All night the castle turns jaw-dropping dramatic beautiful colors: 



















The Hallowishes Fireworks show is flat-out the best fireworks show I've ever seen! Just imagine a Light-o-Rama show on super steroids with fireworks..... by Disney!




















The Haunted Mansion also puts on a special show. There was a ghost southern lady that was sitting up on the bench next to the castle who was lit up to make her look ethereal and ghost-like. She also had a microphone and was cutting jokes with all of us. She was a hoot! Also, when you get your picture taken with the hearse, a grin-grinning hearse driver tags alone. I did a bit of Photoshopping later to make me a ghost too!














It was an awesome night! The only drag was I had taped the entire fireworks show but later on realized I had no footage of it. *UGH!!!!* I must have hit a stop button or something. Which was a real drag because I held up my arm uncomfortably for 12 minutes(!). All for nothing. Luckily, a fellow YouTuber - *JSMC2082* - graciously allowed me to use some of his fireworks show. Here is his entire video of the Hallowishes Fireworks:


----------



## wristslitter

I am soo sorry you had to suffer through all that Terra.


----------



## Terra

It was torture, I tell 'ya!


----------



## wristslitter

Torture, right up your alley Terra.


----------



## DaveintheGrave

That's so cool, Terra!

We took the kid's the the Not-So-Scary Halloween at Disney about 7 years ago and had a blast! It's amazing how they can put up all of those decorations in just a couple of hours each night.

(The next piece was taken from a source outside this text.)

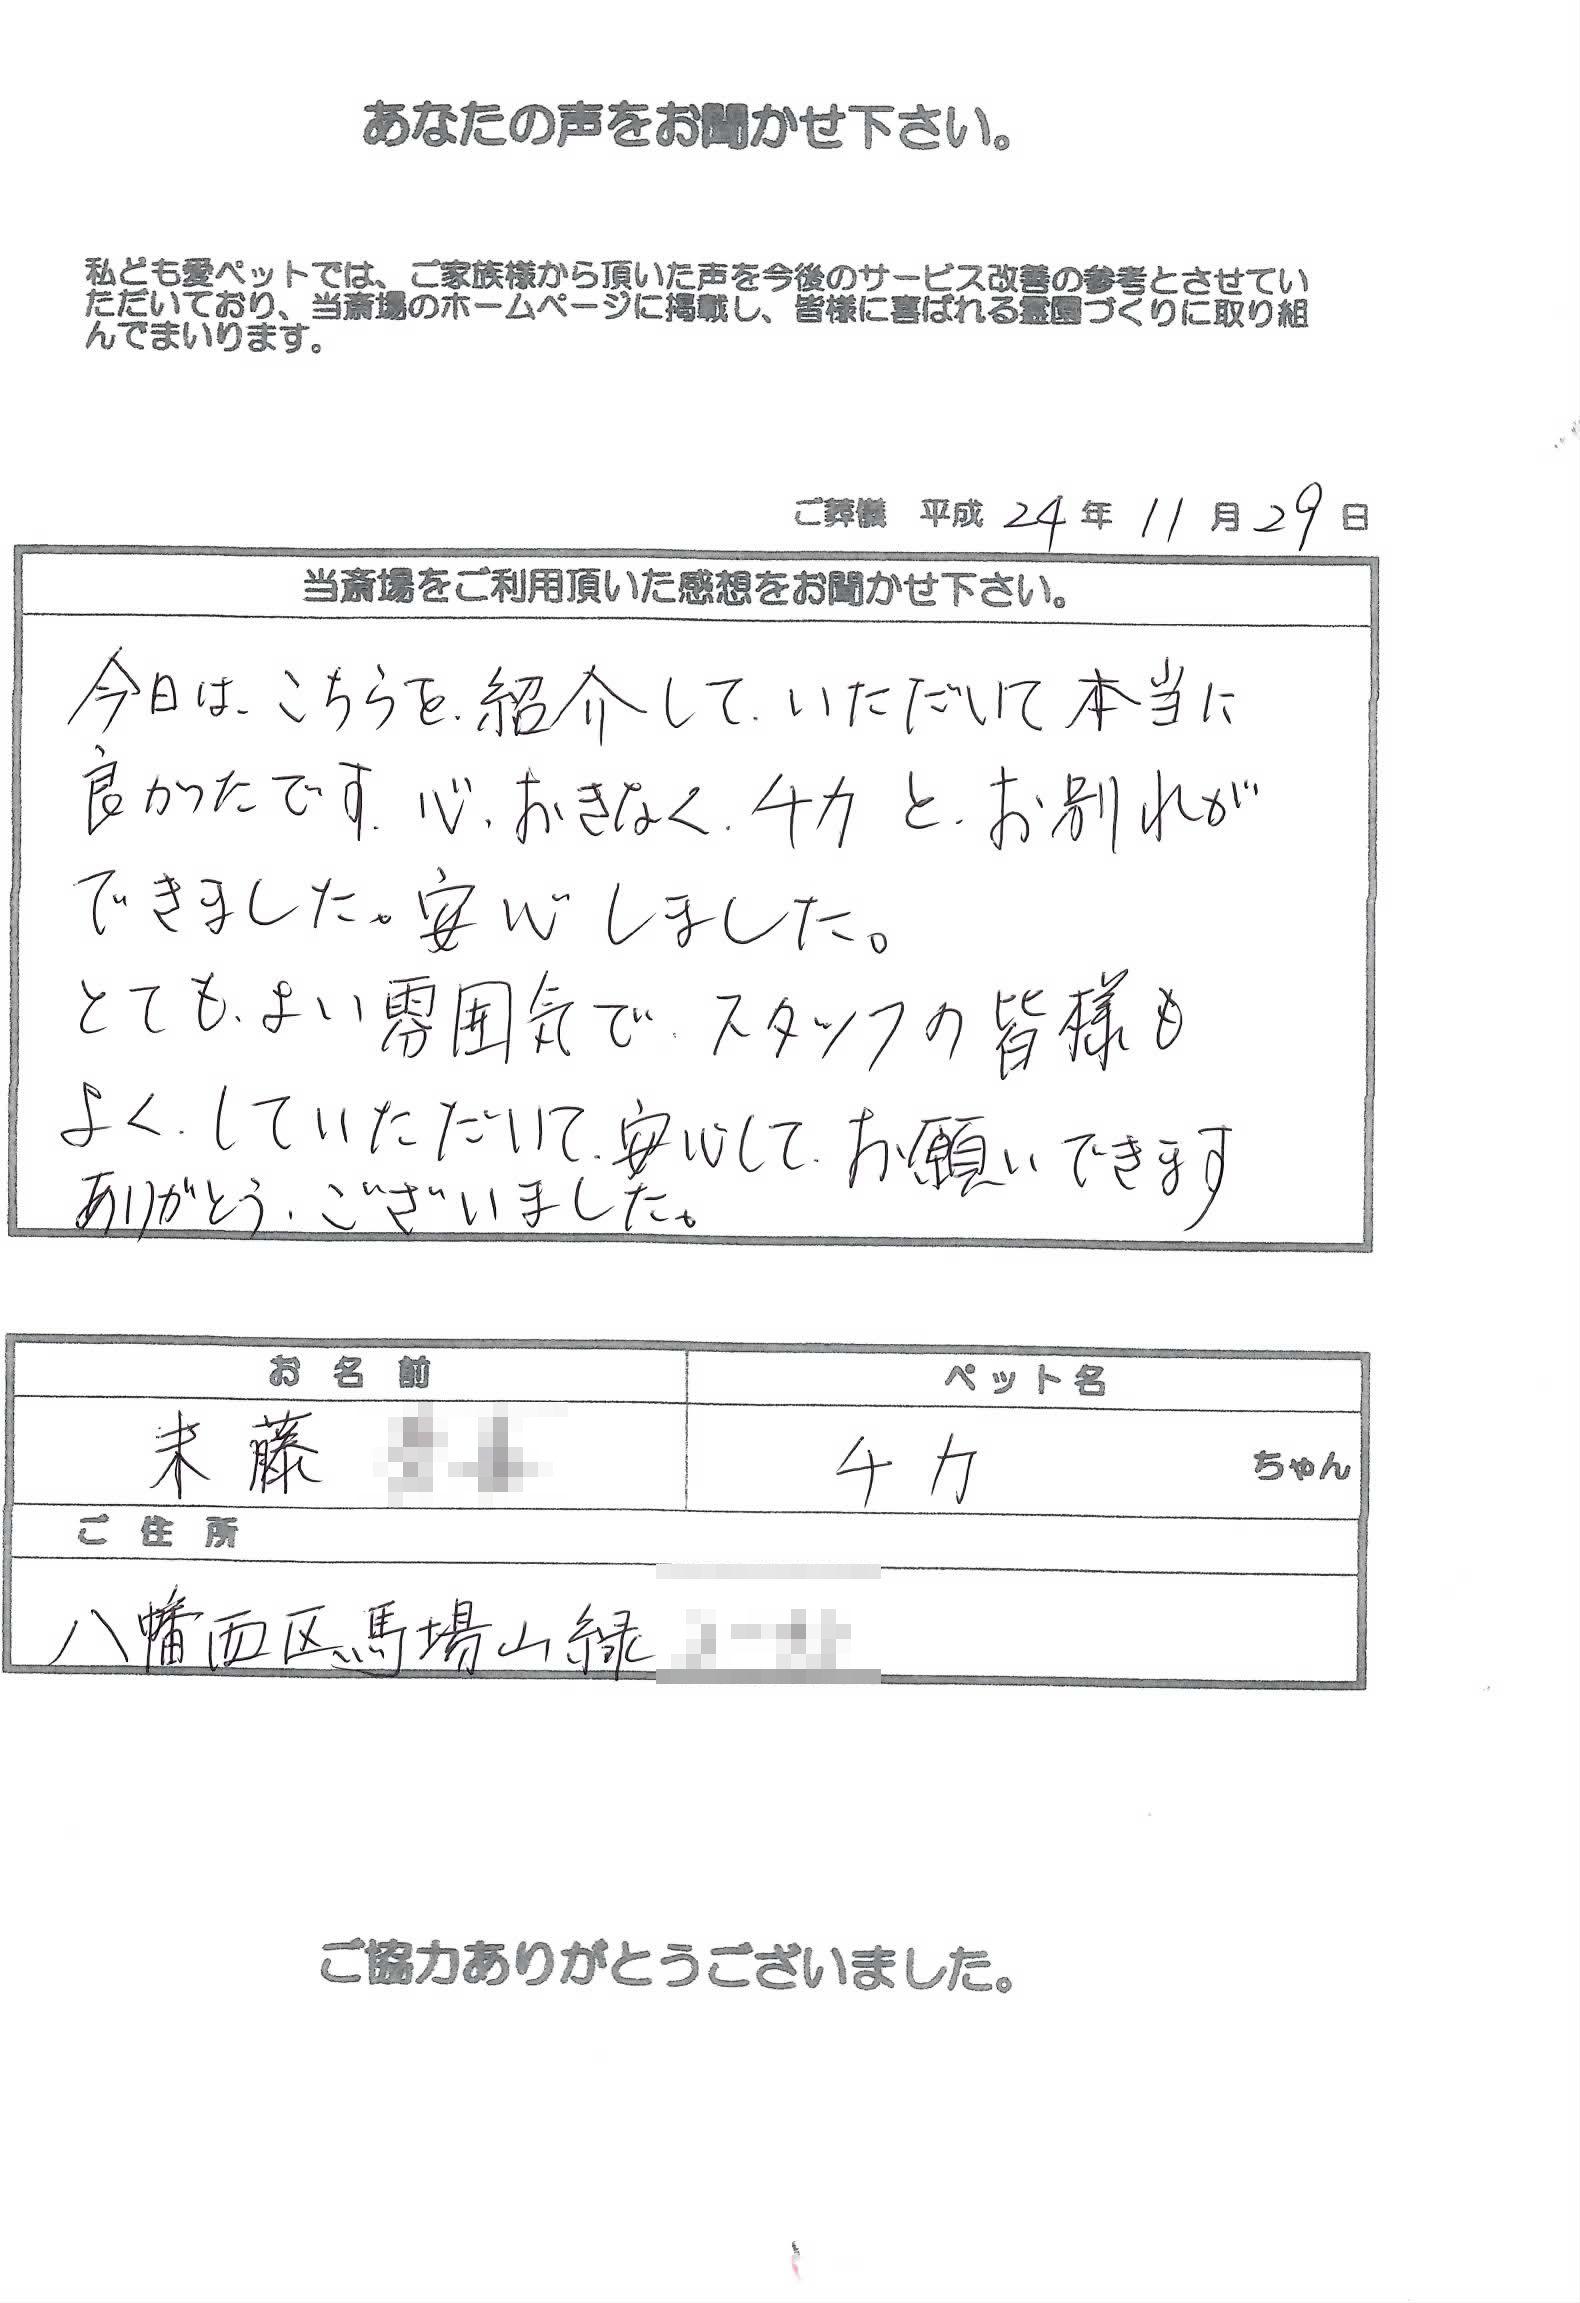 k121129-5.jpg

We've been wanting to go back and do it again.


----------



## Pumpkin Butcher

Awesome Terra!

I opted to not take our video camera with us and regretted it. Now I can re-live it through your vids. THANKS!!!!!


----------



## shadowless

wristslitter said:


> I am soo sorry you had to suffer through all that Terra.


Yea, lol, er...I mean you poor girl. If you ever, ever get faced with going through such an ordeal like that again, let me know, and I'd willingly take your place, because that's how much I care.


----------



## Terra

Ah, all the love I get here... 

Noticed that for some darn reason the video isn't working right now. If anyone wants, here's a link to my YouTube channel where you can also find it there: http://www.youtube.com/user/Scaryladyvideos?feature=mhum


----------



## Terra

So, I was going through some old video files and look what I found... the missing footage I took of the HalloWishes Firewoks show. All 11 minutes of it YEEEEAHRH!


----------



## Gatordave

Just seeing this for the first time Terra. This looks great, thanks for posting your pictures and video. Have loved Disney/Haunted mansion since I was a kid. Have not been there for Halloween, but will have to make the trip one day! This looks like a lot of fun.


----------



## Terra

Thanks and yes... Lots of fun. Loved all the candy you get too


----------



## Hearts1003

OMG! I just went to Disney World for the first time in July! Now I gotta drag my family there for this! He he heee..... They're fing to love me! Bwah ha ha haaa!


----------



## spinachetr

The Not So Scary Parade is what gave me the inspiration to do a Halloween display. We saw it for the first time 2 years ago. We are going back in mid-October and are going to the Halloween party/parade on two different days....can't wait. I would love to have someone do a real life headless horseman in my neighborhood.


----------



## Halloweeeiner

that is so cool!!! thanks for sharing Terra!


----------